What survives is a single mark on a map, placed there by surveyors working in the mid-seventeenth century, and nothing more.
The evidence comes from the Down Survey, carried out between 1655 and 1656 under the direction of Sir William Petty. It was one of the most ambitious cartographic projects of its era, commissioned by the Cromwellian administration to document landownership across Ireland following the upheavals of the 1640s, with the practical aim of redistributing confiscated land. The surveyors moved townland by townland, recording buildings, boundaries, and land quality in considerable detail. On the map covering Portraine, a dwelling is marked, suggesting a structure of some standing during the sixteenth or seventeenth century. But the survey offers no name, no owner, no further description, and crucially, no precise coordinates. Geraldine Stout, who compiled this record in 2011, notes simply that the dwelling is not precisely located.
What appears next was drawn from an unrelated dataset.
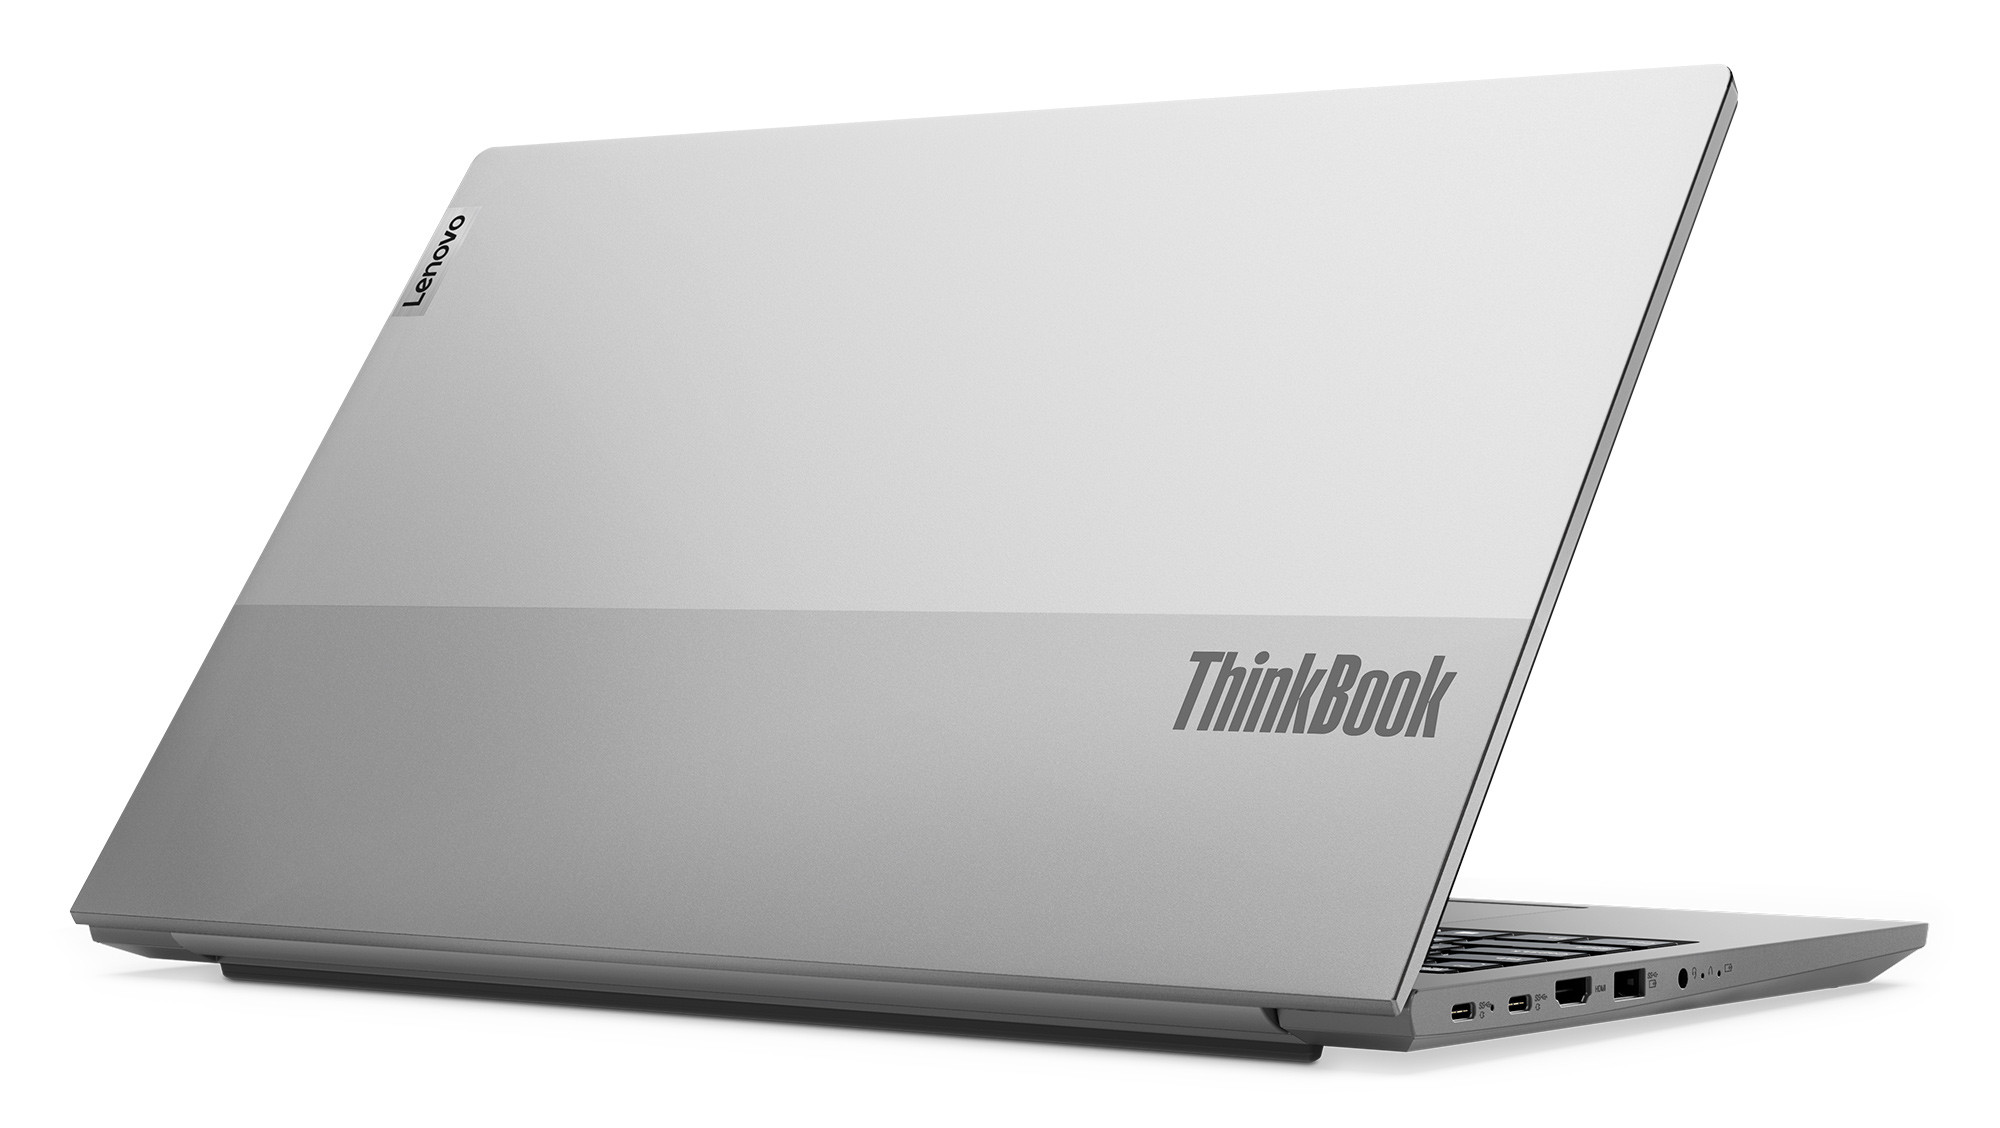 Lenovo mang tới lựa chọn mạnh mẽ và linh hoạt cho doanh nghiệp với bộ đôi ThinkBook mới phiên bản AMD

For anyone drawn to Portraine today, the village sits on a small peninsula jutting into the Irish Sea, north of Donabate, and is reachable by road through the flat agricultural land of Fingal. The coastline here is low and open, without the drama of cliffs, which perhaps explains why so little medieval or early modern fabric has survived above ground. There is no ruin to visit, no wall to photograph, and no interpretive panel to consult. The interest lies entirely in the absence: a dot on a baroque-era map, unanchored to any surviving physical trace, representing a household that was real enough in the 1650s for a government surveyor to record it, and has since left nothing else behind.